Cause: As per standard, MaxStartups Specifies the maximum number of concurrent unauthenticated connections to the SSH daemon. Additional connections will be dropped until authentication succeeds or the LoginGraceTime expires for a connection. The default is 10:30:100.
Alternatively, random early drop can be enabled by specifying the three colon separated values “start:rate:full” (e.g. "10:30:60"). sshd(8) will refuse connection attempts with a probability of “rate/100” (30%) if there are currently “start” (10) unauthenticated connections. The probability increases linearly and all connection attempts are refused if the number of unauthenticated connections reaches “full” (60).
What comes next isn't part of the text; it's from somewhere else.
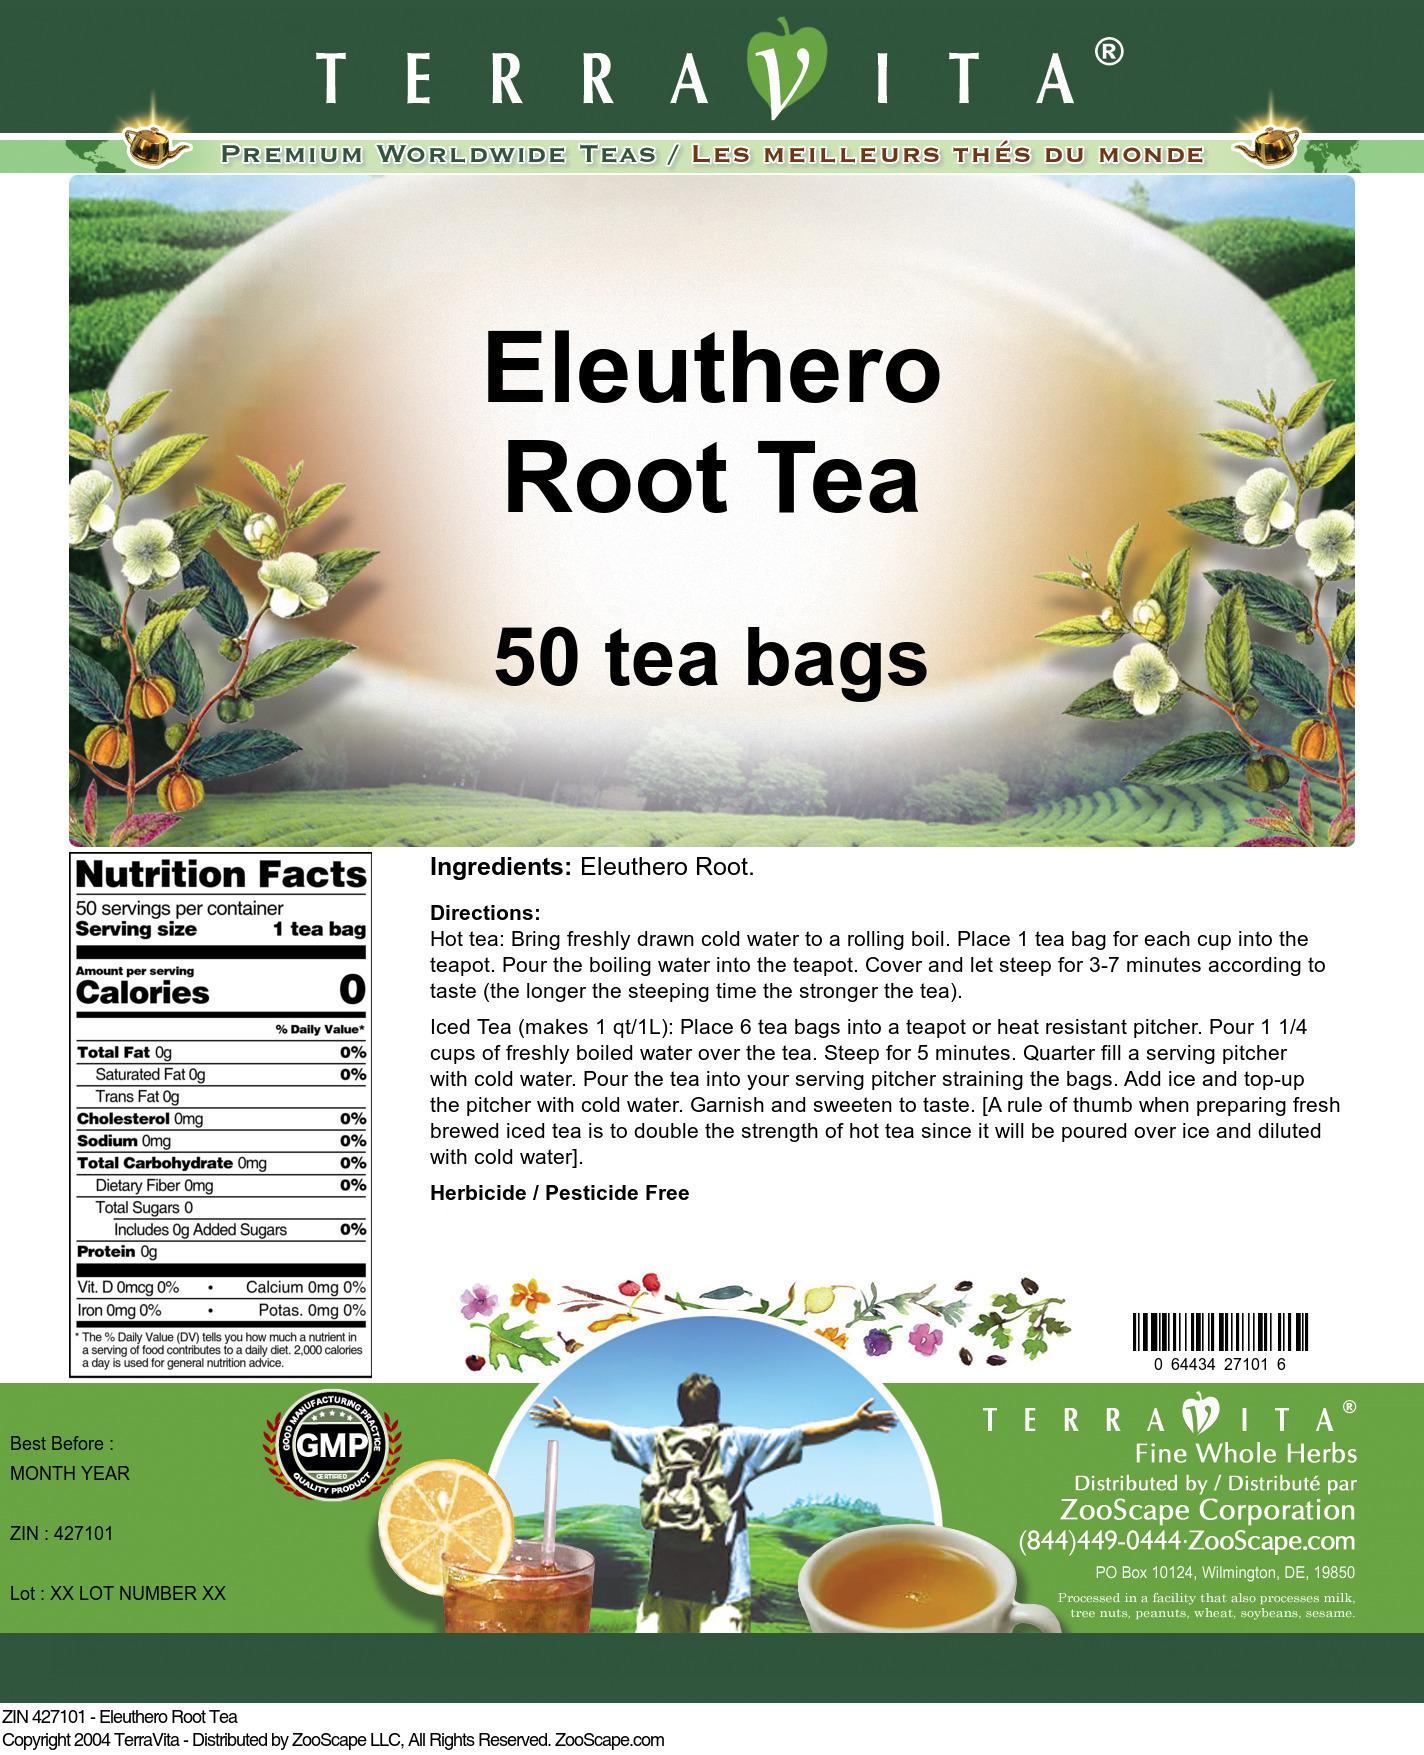 Eleuthero Root Tea

In Aruba it is 3:50:5 to be more stringent. The fix was added as security fix to address the vulnerability CVE-2010-5107
If we have 3 stale SSHD processes in the system and then subsequent requests starts failing randomly. With MaxStartup set to 3:50:5 .. after 3 stale processes in the system the subsequent requests starts failing with probablity of 50%
1. Configure value as per your requirement:-
(Aruba) (config) #loginsession timeout ?
<val> Timeout value, value of '0' disables it. default 15
minutes. Range is <5-60>
If there is an option of logging out automatically once the session activity is over in the SSH Client used by the customer, then one can set the loginsession timeout value through controller CLI to set the lifetime of the session and once session is terminated and client receives the notification it will execute “logout” also thereby cleaning up TCP conn as well and we will not see the “notty” processes on the controller.
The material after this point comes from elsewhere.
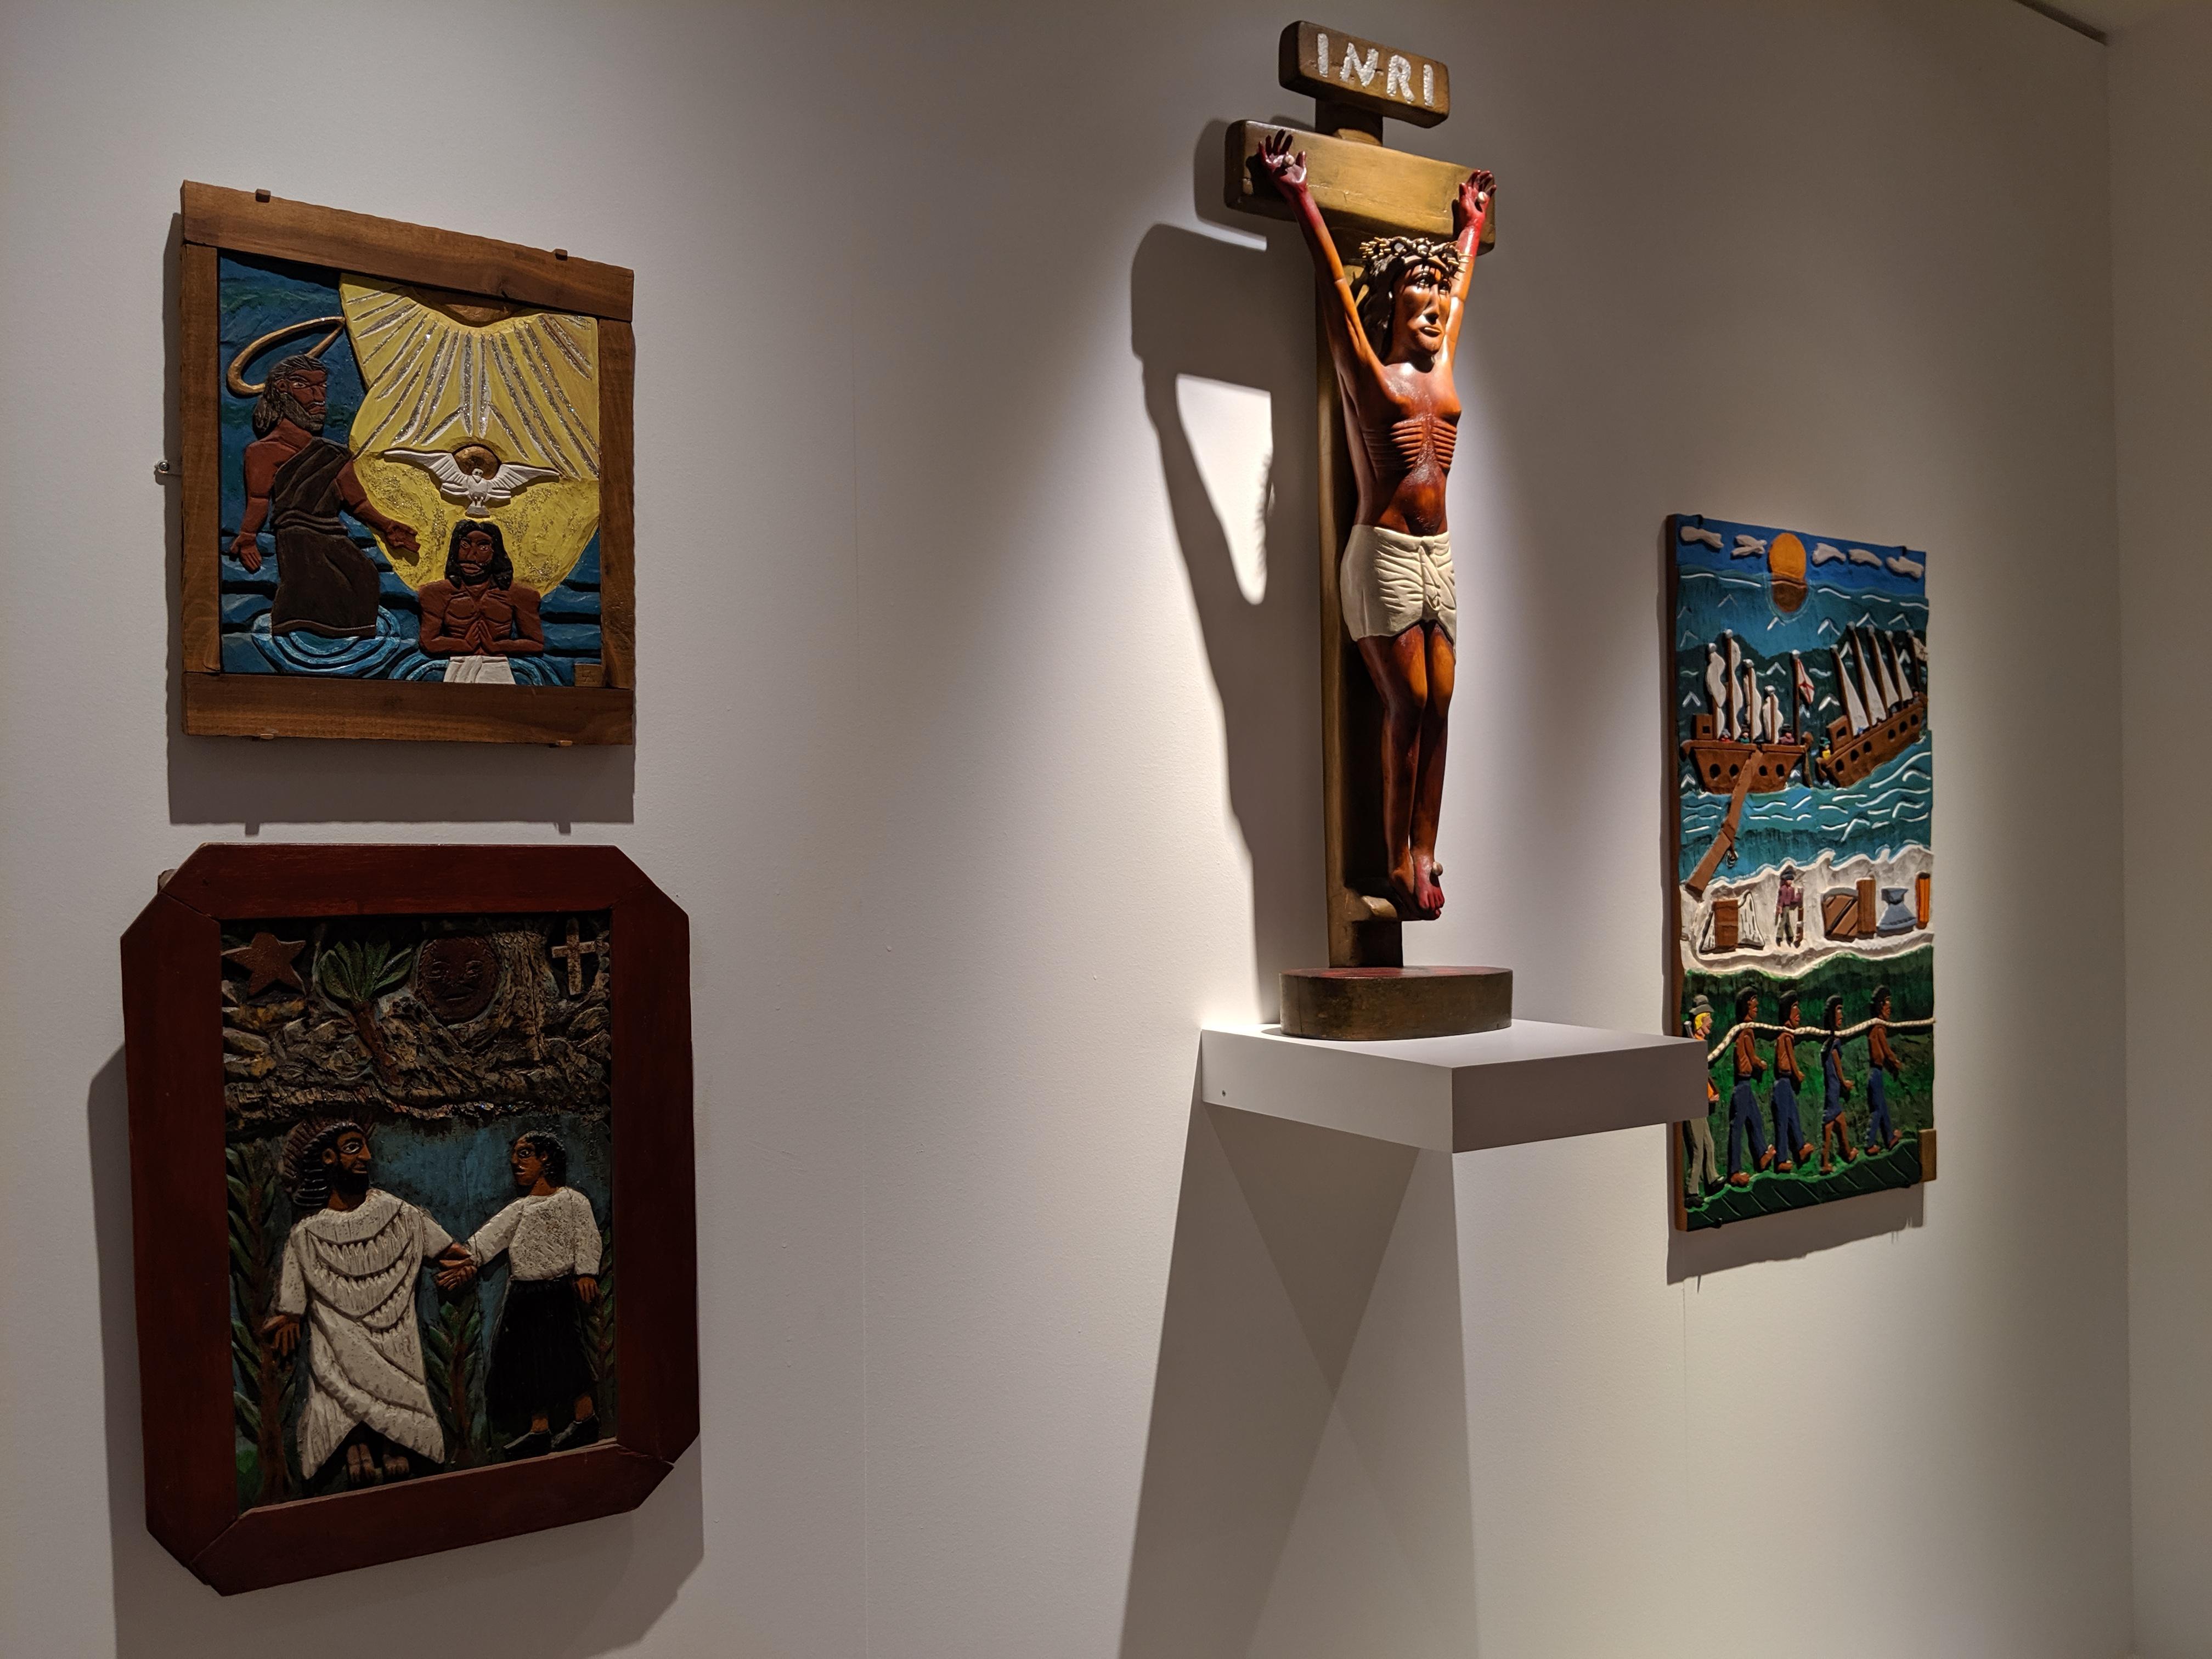 High Museum of Art folk art (Almon, Pierce, Davis)

2. Make sure you logout . If there are any scripts which login to controller, ensure it logsout
Performing graceful log out for all SSH sessions whose terminal was closed earlier without logging out. This clears notty sessions.
3. If there is no authorised session, fix available in 22.214.171.124 and above versions
#show processes | include ssh
* Setting parameter ClientAliveCountMax to 60 and parameter ClientAliveInterval to 0, which terminates SSH sessions that are idle for 60 seconds on the controller without killing the respective process from the shell. Disable keep alives on the SSH client so that the channel remains idle during inactivity
Answer: We can try to clear out stale entries. If using any script or monitoring device to login to controller. Ensure it logsout gracefully. Also refer the bug Bug 103937 fix available after 126.96.36.199 with parameters added to flush out entries when keep alives on disabled on the ssh client.